Inspirational Woman: Paloma Marin | European Regional Director, WEConnect International

Meet Paloma Marin

European Regional Director, WEConnect International

In this piece, we caught up with Paloma Marin, Regional Director for Europe at WEConnect International. We talk to her about her career journey, how her family played a part in her success and what advice she would give to her younger self.

I am Paloma Marin, a woman with a free and wild soul, in the constant search for growth and expansion.

I have changed lives several times, starting with leaving my native country (Spain) at the age of 3 and having grown up until the age of 20 in different countries in Africa, Asia and Latin America. This life experience has made me a woman without fear of change, very curious and very aware of the infinite ways of inhabiting the world.

My interest in human behavior constantly pushes me to enrich my knowledge to better serve the world. Although I studied a degree in International Relations and Political Science in the UK and started my professional career in the field of marketing for large companies in Silicon Valley, I have not stopped professionally forming myself. I am certified as a Life Coach and in ThetaHealing.

In my professional life I have taken on many challenges – jumping into the unknown on several occasions to explore other areas of myself that I am interested in discovering and developing. After many years in the world of technology, I changed my career path to dedicate myself to the economic empowerment of women, as the Regional Director for Europe at WEConnect International. WEConnect International is a global non-profit organisation with a mission to drive more money into the hands of women-owned businesses, enabling them to connect with some of the largest buying organisations in the world and succeed in global value chains.

I have lived several lives in one, and it excites me to think that there are still many more to live.

Did you ever sit down and plan your career?

I would love to say that I did, but the reality is that I didn’t, it took me a long time to know what I wanted to do. I finished my degree in International Relations & Political Science and thought I would go into that line of work.

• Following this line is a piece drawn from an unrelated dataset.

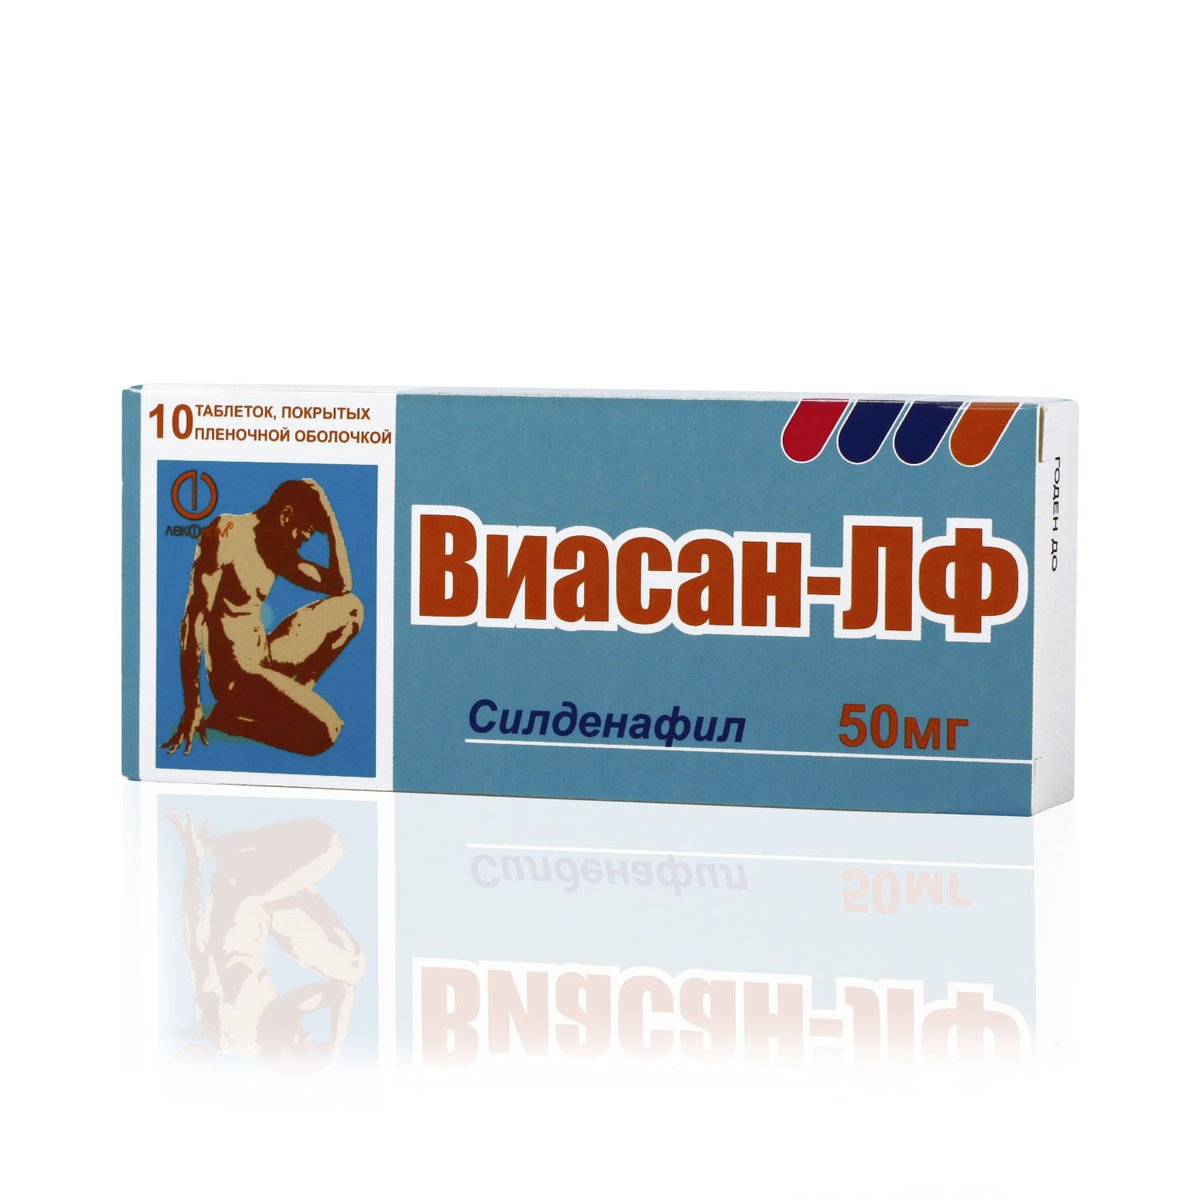 Виасан-лф (таблетки, 10 шт, 50 мг) - цена,  онлайн  .

Instead I ended up starting my career in big Tech. From an early age, I always had a strong calling for serving others, specifically women. I found ways to do this through my corporate job, leading the women in tech network, but eventually I knew I wanted to do more. My career moves have been driven by my purpose and my passion; I have let these by my GPS. That is how I ended up at WEConnect International, and so far, it is worked out quite well.

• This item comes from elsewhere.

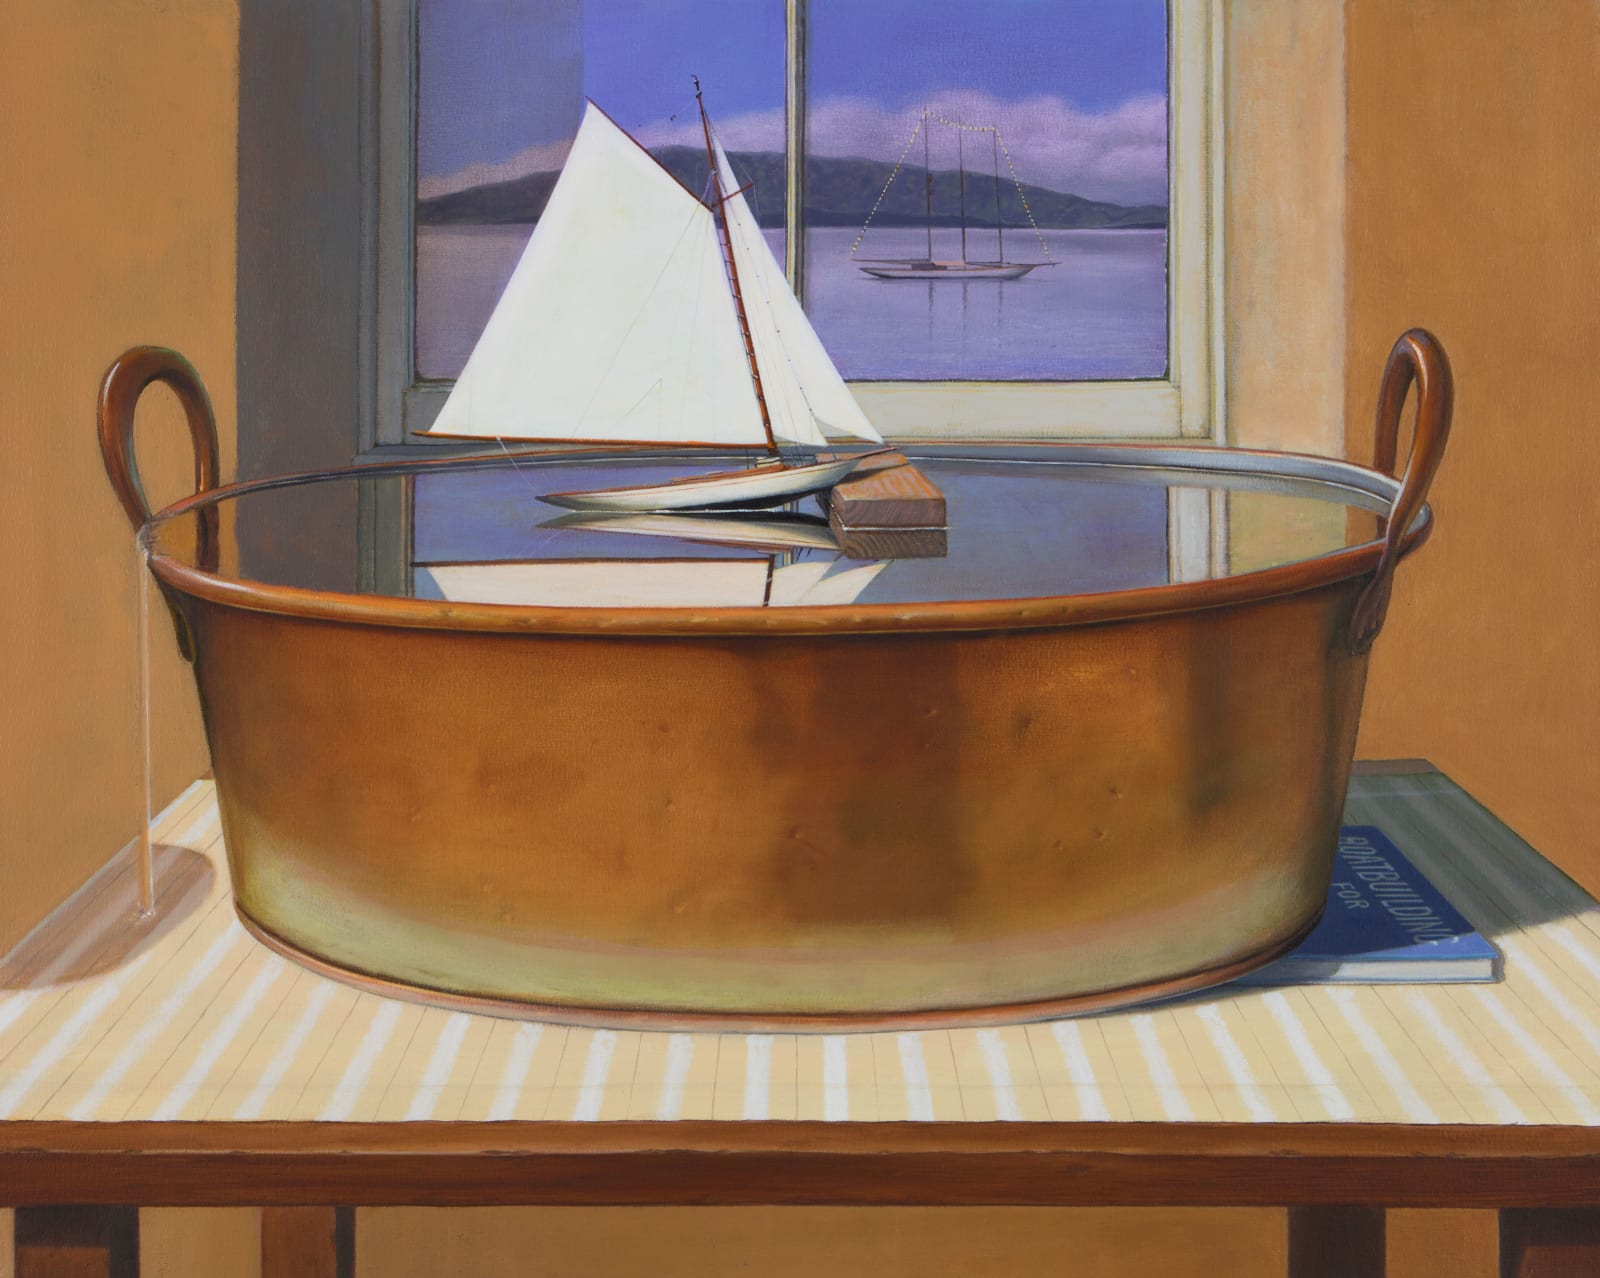 Gordon Mitchell, Boat Envy

Have you faced any challenges along the way?

Absolutely, I think one of my biggest challenges is that I struggled with impostor syndrome for a long time. I started my career in an industry that was hugely male dominated, not only was I often the only woman in the room but also the youngest by far. It took a lot of internal work to overcome it and see the fact that I was 1.) a woman and 2.) much younger than everyone in the room – as a huge advantage. It allowed me to think differently, to bring diversity of thought, strategy, and perspective.

Something that really helped me was having conversations with senior peers that I admired. The more I vulnerably opened up, the more I realised that everyone I spoke to (including individuals in executive level positions) felt or had felt the same way at some point in their careers. Know you are not alone. A few other things that helped: distinguishing humility and fear. Letting go of perfectionism. Keing kind to myself. Tracking my success – I cannot emphasize this enough. Talk with your mentor or someone more tenured that you really admire. Always say “Yes” to opportunities.

What one thing do you believe has been a major factor in you achieving success?

My family. I attribute a large part of my success to them. They have instilled in me that the only limit to my success and to achieving my dreams is myself. They taught me to believe in myself wholeheartedly which translated into everything I set myself out to do.

If you could change one thing to accelerate the pace of change for Gender Equality in organisations, what would it be?

Commit: Build the case among senior management, understand current gaps, acknowledge bias, set targets, and communicate the benefits of promoting gender parity across the organization. Embed change by creating programmes that address your company’s core concerns, inclusive of efforts to address pay gaps, parental leave, performance reviews, hiring processes, mentoring, sponsoring, and safety and management training. Scale your initiative beyond your company and promote change in your industry, community, value chains and wider society

If you could give one piece of advice to your younger self what would it be?

You don’t have to work twice as hard to prove your worth. It is a mistake that ends up taking its toll and your success will not depend on it, it can even harm you. Learn to say no. Do not push yourself so much, have a personal life, balance your life. Always train yourself in the specific areas you need and work on your (feminine) leadership. Not everyone knows that we are born with leadership potential that we can increase during our lifetime. You can level up, be a better leader. Apply digital transformation to your veins if you have not already done so, generate networks with other women, and accompany them on their journey, support them. And seek happiness in everything you do; that is the most important.

What is your next challenge and what are you hoping to achieve in the future?

My next challenge is to succesfully grow WEConnect International in Europe, to expand our reach so we can drive more money into the hands of women-owned businesses in the region. Grow our network of women-owned businesses as well as qualified buyers in Europe. There is so much untapped potential. Personally, I am also working to launch a podcast aimed at women – where I will talk about all sort of taboo topics and issues and the tools that have helped me over those issues to get to where I am today.